Lo! I have flung to the East and West
Priceless treasures torn from my breast,
And yielded the sons of my stricken womb

The poem evokes a sense of pride as well as grief at the loss of a number of Indian soldiers who laid down their lives in the war. In this poem Sarojini Naidu personified Mother India whose heart bleeds for her sons who have been torn away from her bosom ruthlessly and deployed in foreign land to serve British interests.

The poem has personified the country India as the mother of all its people. The boundless grief of Mother India for her heroic sons, who were killed in foreign lands, is expressed in the poem. One of the critics mentioned that “It is India only, the great India, which represents itself as eternal Mother India, who loves her sons and daughters as a real mother does…”.

Mother India’s soft and tender feelings for her brave soldiers are seen through the words, ‘like pearls’. She likens her brave sons to pearls in oysters. Through the simile she compares the dead soldiers lying in graves … foreign lands to beautiful pearls in oysters. The lines also reveal a mother’s sorrow for her sons as well as her pride in them. This reveals great poetic sensibility on part of the poet.

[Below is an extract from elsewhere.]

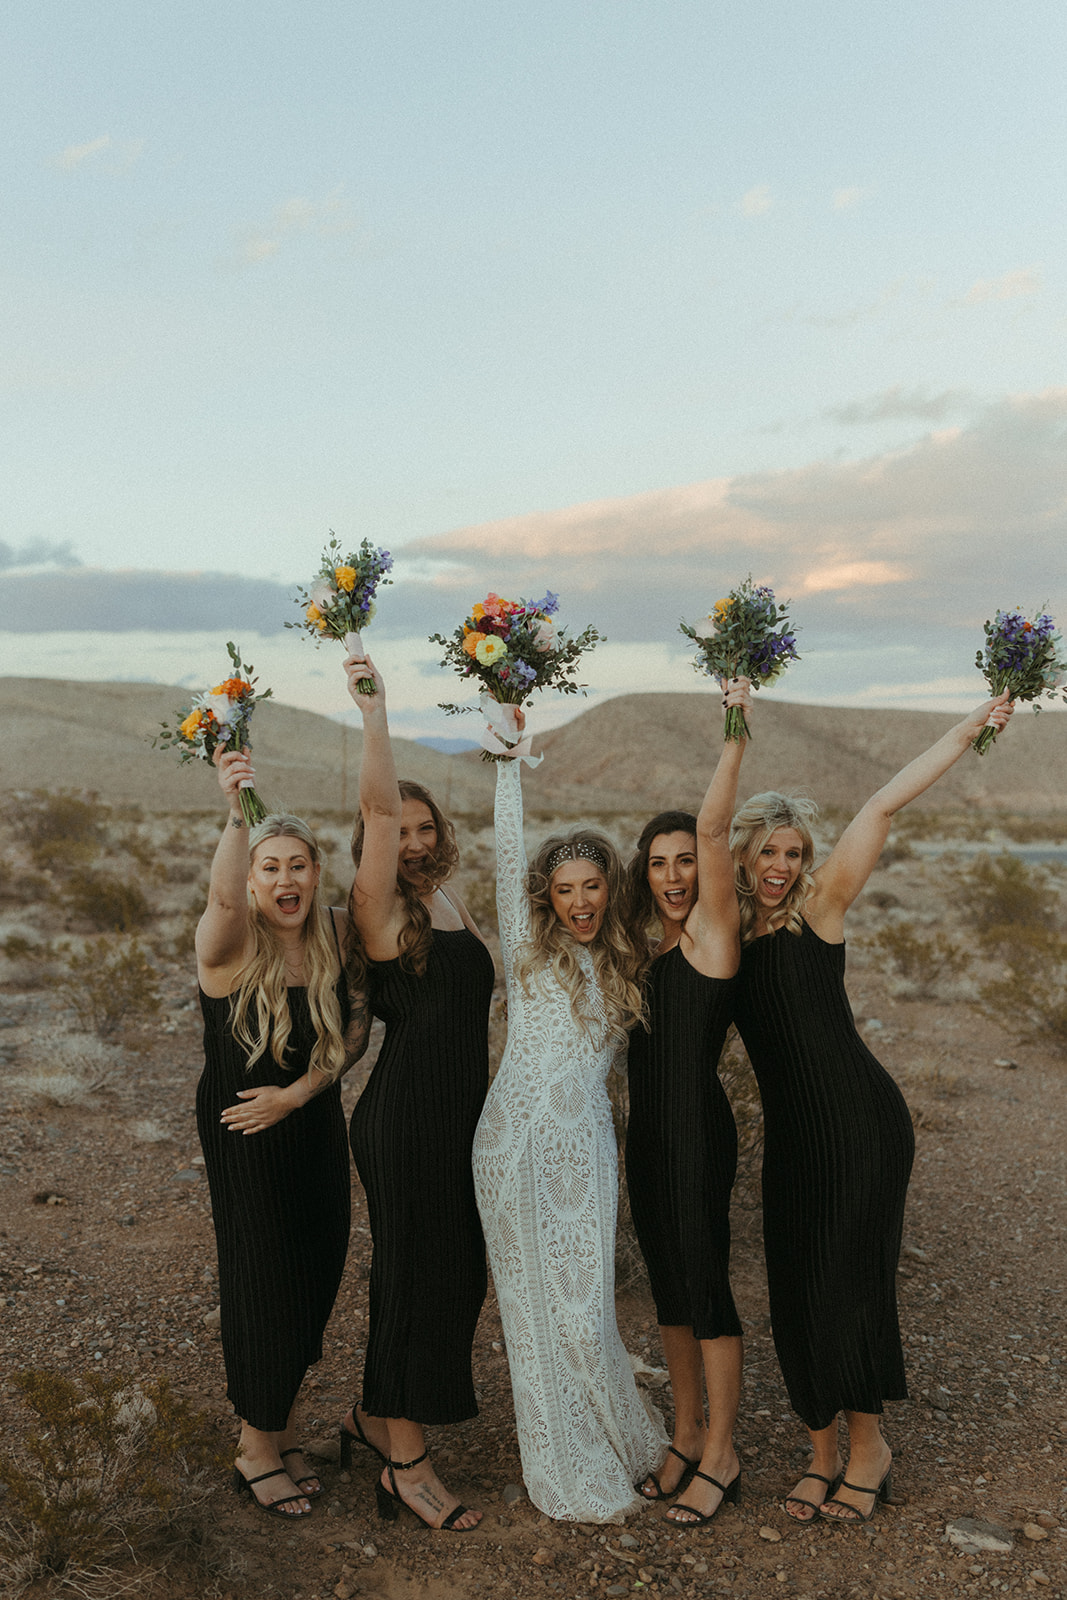 The bride poses with her bridesmaid all throwing their color bouquets in the air

To the Mother India the soldiers are as delicate as flowers. She is greatly grieved to hear of their bodies being mutilated on the warplanes of Flanders and France. The pale faces refer to the dead bodies of the slain soldiers whereas ‘broken arms’ tell us that they fought bravely before succumbing to death.

The Mother realizes sorrowfully that once the war is over these powerful nations shall commemorate their soldiers and their contributions. There shall be memorials raised in their honour. The European and the English army men shall be remembered for their bravery. She is rightly apprehensive that the sacrifices made by her sons shall be largely forgotten.

She plaintively asks the Western powers not to forget the precious Indian blood that was shed in their cause. They must not forget the precious Indian lives lost in a battle that was not theirs.